Alright, let’s talk about something that stuck with me from League of Legends. It’s that line, you know, the one that goes something like “die to rise again”. I remember hearing it, probably from one of the champs, maybe Aatrox? Can’t quite recall exactly who says it or the precise wording, but the core idea, die to rise again, really lodged itself in my head.

At first, yeah, it just sounded cool. Edgy, game-y. You die in lane, you respawn, you try again. Simple enough in the context of Summoner’s Rift. You get ganked, make a bad play, face-check a bush you shouldn’t have… boom, grey screen. But then you’re back. You maybe buy smarter, play safer, or coordinate better with your team. You learn, or you should learn, from that ‘death’.
Getting Knocked Down
But then, life happens, right? Outside of the game. I went through a period, a while back, where things just weren’t clicking. Felt like I was hitting wall after wall. Not gonna bore you with the nitty-gritty details, but it was rough. Felt like I was constantly getting knocked down, failing at stuff I was putting real effort into. It was frustrating, made me wanna just… stop trying, honestly.
I remember thinking about that quote then. Not in a literal sense, obviously. But the idea… ‘dying’ felt like failing, like hitting rock bottom with a project or a personal goal. It felt like the end of that particular attempt. That feeling of defeat, the metaphorical ‘grey screen’ where you just feel powerless for a bit.
The ‘Rising Again’ Part
So, what did I do?
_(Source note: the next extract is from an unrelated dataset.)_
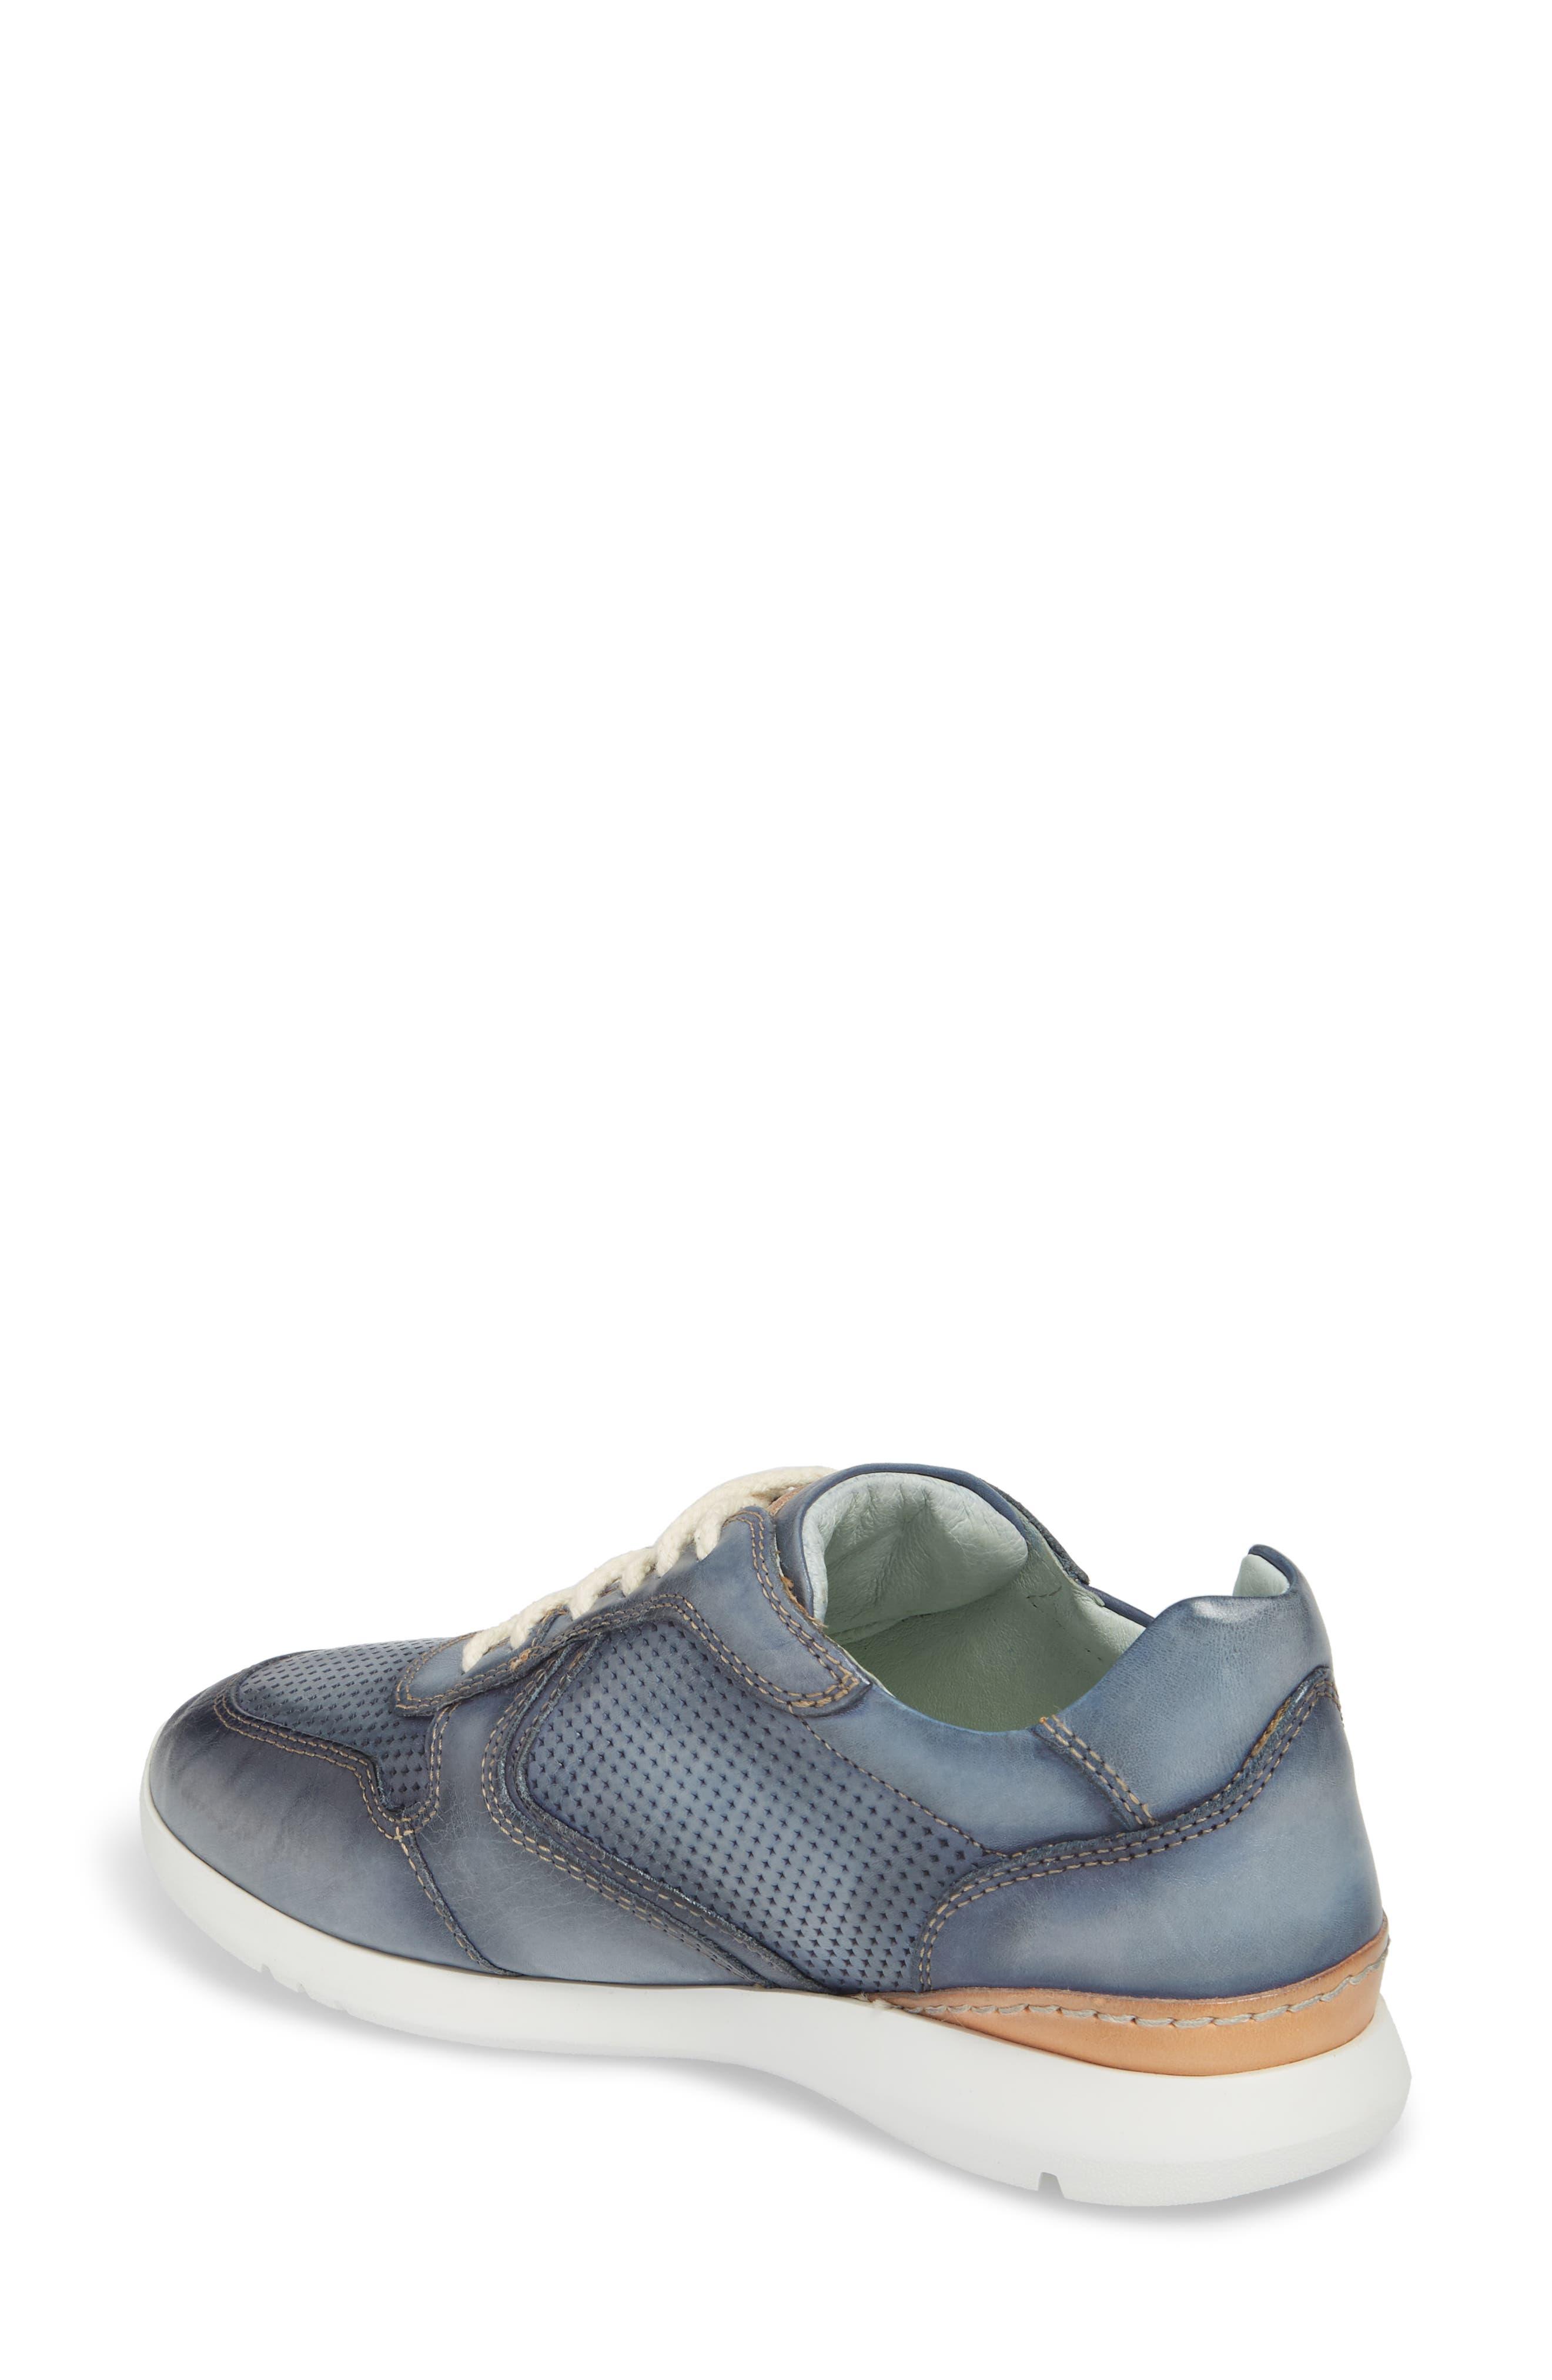 Modena Sneaker,                             Alternate thumbnail 2, color,                             400

Well, for a bit, not much. Wallowed a little, maybe played some actual League to distract myself. But the quote kept echoing. ‘Die to rise again’. Okay, so the ‘dying’ part happened. What about the ‘rising’? That wasn’t just going to happen automatically like respawning in a game.
This took actual effort:

- First, I had to actually accept the ‘death’, the failure. Stop making excuses or blaming everything else. Just own it. Okay, that didn’t work. I messed up here, and here.
- Then, I started picking apart why it didn’t work. What went wrong? What could I have done differently? Like reviewing a VOD of a bad game, but for life stuff.
- Next came the hard part: getting back up. Forcing myself to try again, but differently this time. Using what I learned from the screw-up. It wasn’t a big, glorious phoenix moment like in the movies. It was slow. Grinding. Trying small things, adjusting, sometimes failing again, but smaller failures this time.
It was a process. A clumsy, sometimes painful process. But each time I forced myself to get back up and apply the lessons from the last ‘death’, I felt a little stronger, a little smarter. I wasn’t just respawning; I felt like I was leveling up, slowly.
Now, I wouldn’t say I actively seek out failure, nobody wants that. But when setbacks happen, and they always do, that quote pops into my head. It reframes things. Okay, this is the ‘die’ part. It sucks. But it’s not the end. It’s the setup for the ‘rise again’ part. It reminds me that failure is temporary, and it’s only truly failure if you don’t get back up and learn something from it. It’s become a weird little mental tool I use to push through tough spots. Just gotta embrace the respawn timer and come back stronger.